Фил и сам заметил, как неубедительно звучат его слова. Он думал всю ночь и ничего не придумал. Но нужно было сказать слова утешения.

— Есть ли на корабле оружие? — спросил он. — Ты видела у кого-нибудь пистолет? Может, в складских отсеках?

— Не думаю… Я не обращала внимания на это. Да и зачем тебе?

— Тогда можно будет диктовать ему свою волю, — неуверенно сказал он.

— Но ведь это то же самое. Зачем? Да зачем? Он не ответил.

— Ах, все это ужасно, Фил, — прошептала она. — Намного ужаснее, чем я до сих пор думала. А ведь все было и так скверно.

— Это звучало разумно. — сказал Фил. — Все, что он сказал.

Она взвилась.

— Это же все ложь!

— Я не почувствовал в его словах фальши, — сказал он безвольно.

— Все это ложь, — еще раз проговорила она; будто желая защититься, она повторяла эту фразу.

— Если б я не был таким беспомощным, — глухо пробормотал он. Ему стоило больших усилий сохранять спокойствие, но тут боль и разочарование от крушения надежд одержали верх: он сжал кулаки, заметался по подушке.

— Если б я не болтался на этом поводке… Крис… Я сделаю все…

Она погладила его по щекам, снова поцеловала.

— Я обещаю тебе, Крис, — бормотал он, — когда ко мне вернутся силы… я найду выход… обещаю тебе!

— Успокойся, — сказала она, приблизив к нему лицо. — Я ведь знаю это…

Он ощутил ее дыхание. Руки его еще покоились в ремнях, но стоило чуть-чуть приподнять голову, и можно было прикоснуться к ее лицу, они целовались снова и снова, истосковавшись по близости, молча и отчаянно.

— Сестра Кристина, вы забываетесь. — В прямоугольнике открытой двери стоял главный врач. Они не услышали ее скрипа. Крис вскочила и быстро отошла к стене.

— Вы знаете, я могу добиться от вас повиновения, — спокойно сказал доктор Миер, — но этого не потребуется! Отправляйтесь в свою комнату. Мы поговорим позже!

Он подождал, пока девушка не ушла. На Фила она больше не взглянула.

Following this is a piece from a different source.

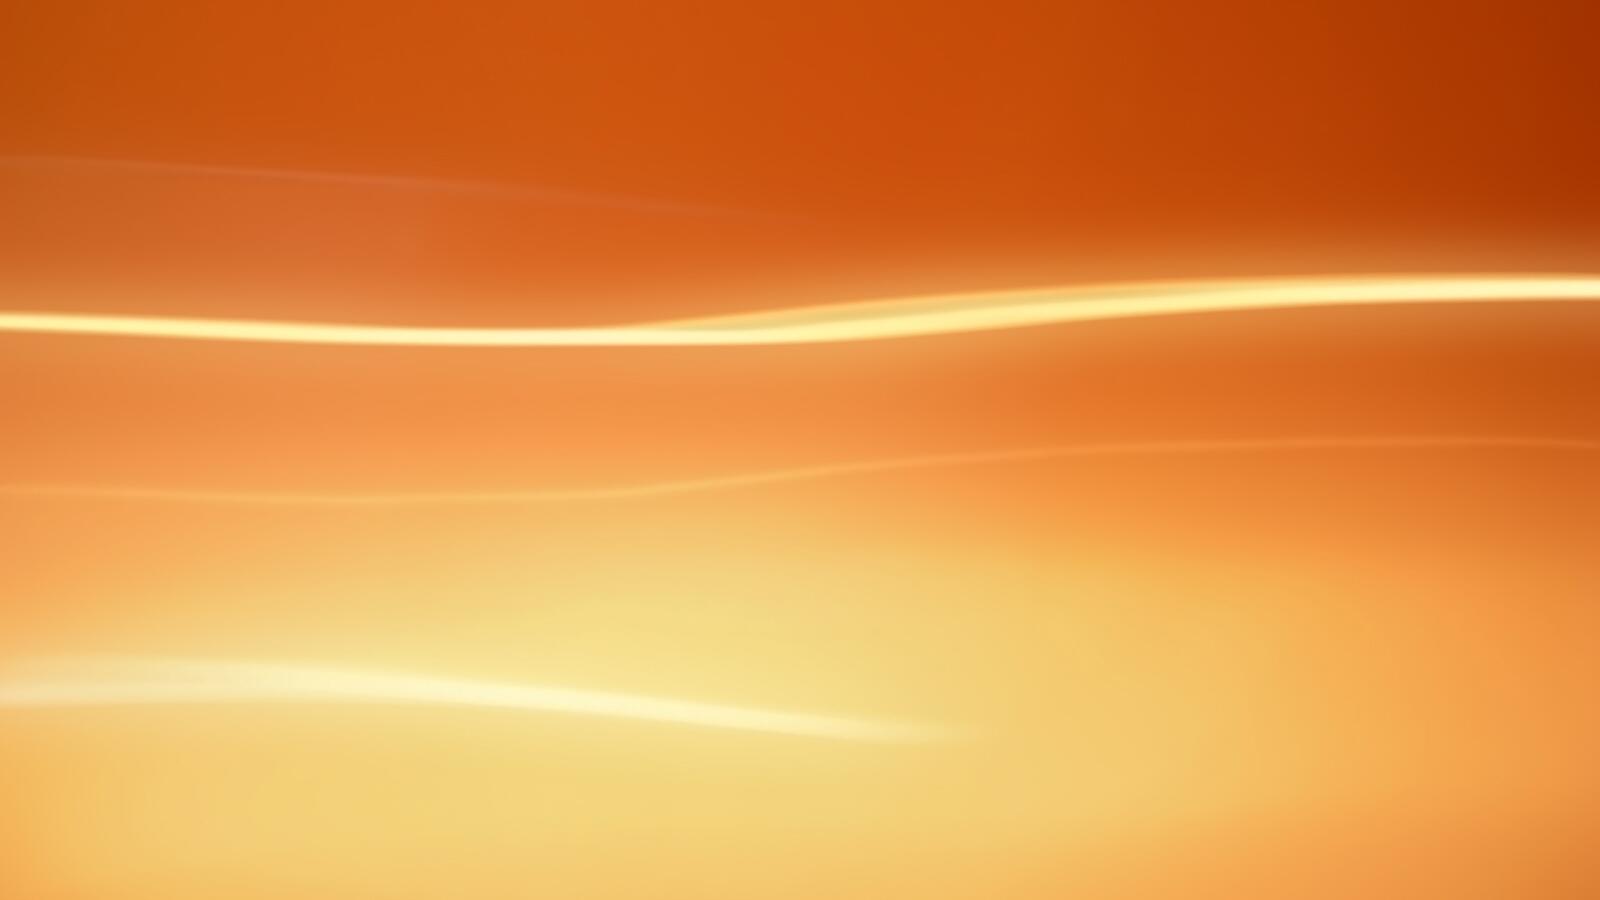 Wallpapers yellow orange lines on the desktop

— Кристина — милая девушка, — сказал доктор Миер. — Без сомнения, самая милая из четырех женщин, которых мы спасли во имя человечества. Я понимаю, она вам нравится, Абельсен. И даже не имею ничего против, коли вы влюбитесь, но на расстоянии, да позволено мне будет заметить! Запомните это, Абельсен: она моя. В нормальное время я бы сказал, что она моя невеста. До сих пор вы этого не знали. Теперь знаете. И действуйте соответственно!

Он повернулся к двери.

— Господин главный врач! — крикнул Фил. Полуобернувшись, врач смотрел на Фила через плечо.

— Что еще?

— Вы не можете этого сделать, — сказал Фил, — того, о чем здесь вчера говорили. Женщины не ваша собственность. И уж конечно, не Крис!

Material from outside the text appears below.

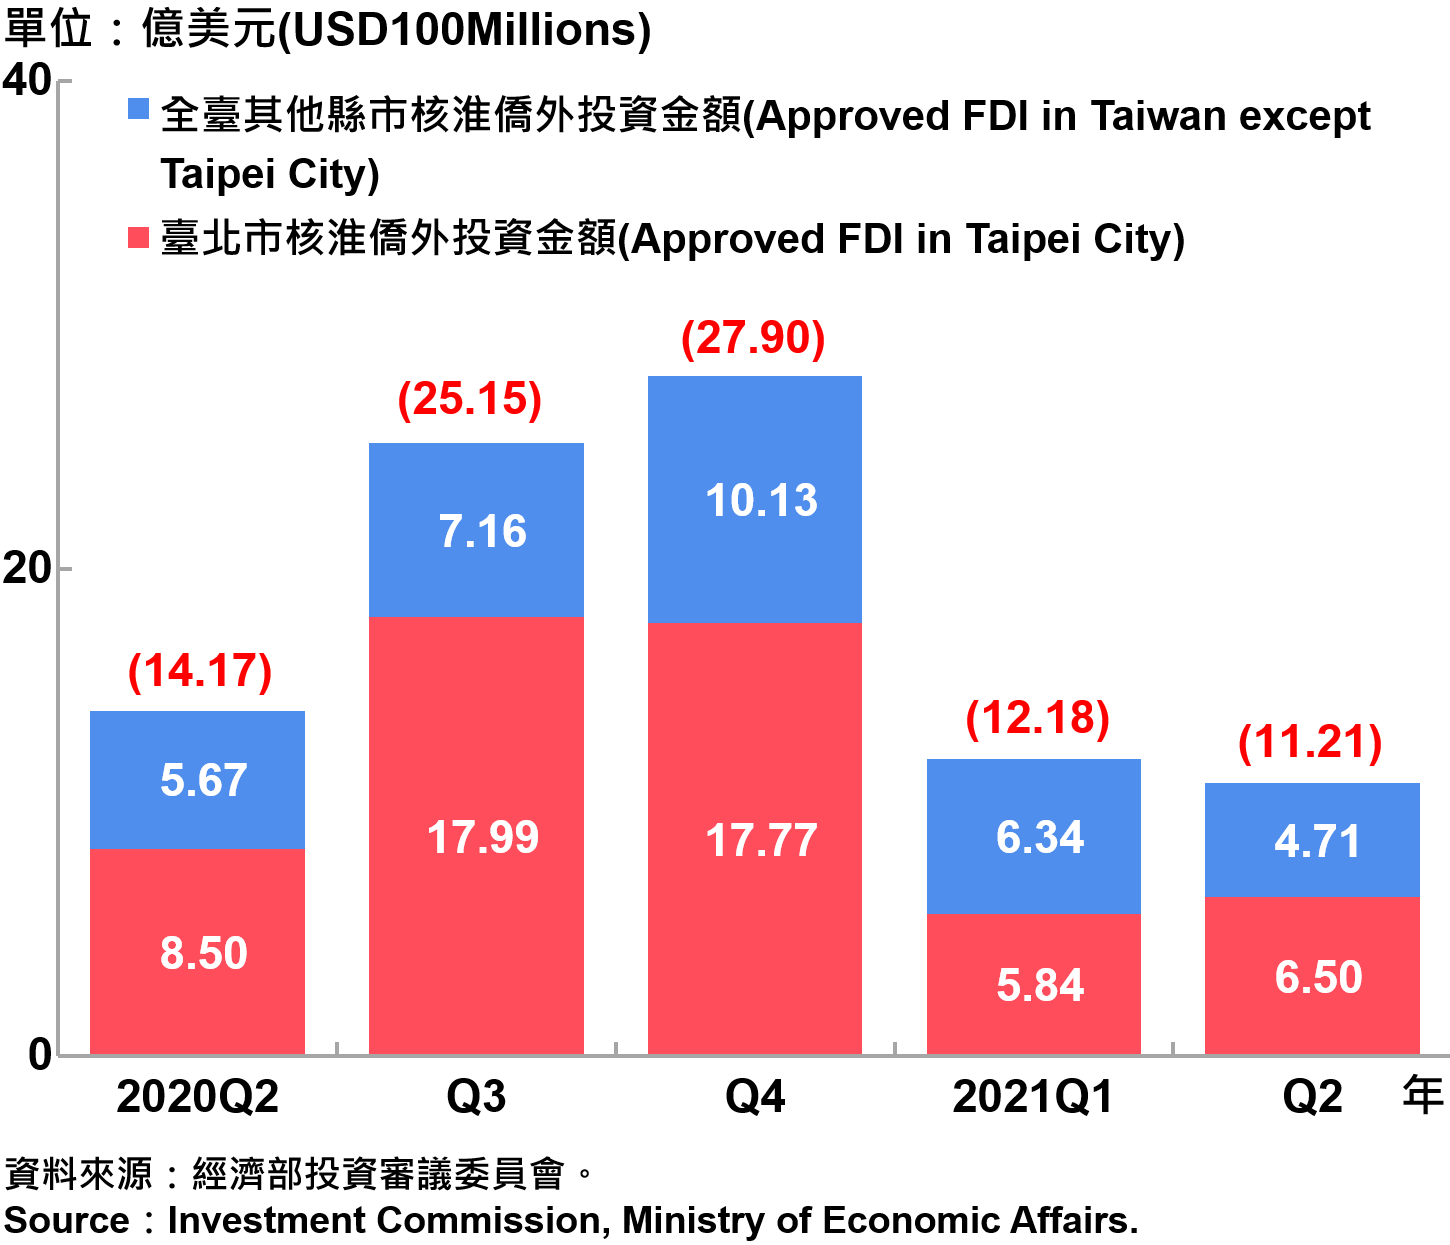 臺北市與全國僑外投資金額—2021Q2 Foreign Direct Investment（FDI）in Taipei City and Taiwan—2021Q2

— Так, — сказал врач, — вот оно что. Вы бунтовщик. Один из тех, кто неизвестно чего ради восстает против бога и всего мира. Сеет смуту и пожинает хаос. Этого мне только недоставало. Но я займусь вами. Я сделаю из вас полезного обществу человека. А сейчас приказываю: перестаньте преследовать девушку. Она здесь не для вас. Для вас меньше всего. Надеюсь, вы поняли!

Он все еще стоял, полуобернувшись в дверях. Теперь он взялся за ручку и распахнул дверь. Вышел. Фил увидел, как мелькнул белый халат. Потом дверь закрылась.

И этой ночью Фил спал плохо. Вновь и вновь просыпался он от страшных безумных снов и прислушивался. Но скрипа двери, которого он так ждал, не было. Понятно, он тосковал по Крис, но его не удивляло, что она не приходит. Возможно, за ней следили, если вообще не заперли. Он был бы рад, если б хоть кто-то нарушил его одиночество, даже главный врач, но и в эту ночь никто не пришел к нему. Из всех долгих ночей, которые он провел один на больничном одре, эта была самой тяжкой.

Лишь под утро он на короткое время забылся в тревожном сне, но картина, многократно возвращавшаяся, заставляла его вновь и вновь просыпаться в холодном поту: он лежал, не в силах шевельнуться, на конвейере, который нес его к огромной стеклянной западне, с грохотом захлопывающейся за ним.

Проснувшись окончательно, он почувствовал себя разбитым, зато немного успокоился. Ожидание чего-то, что должно случиться, пусть даже совершенно неведомое, казалось ему не таким уж невыносимым. Как-нибудь все образуется, всегда ведь все как-то образовывалось.

Потом открылась дверь, и вошла незнакомая молодая женщина в халате медсестры, с грубым, чуть глуповатым, но добродушным лицом.

— Доброе утро, — сказала она. — Как спали?

— Где сестра Кристина? — спросил он.

Сестра намочила губку, побрызгав на нее жидкостью из пластиковой бутылки. Запах дезинфицирующего средства распространился но комнате.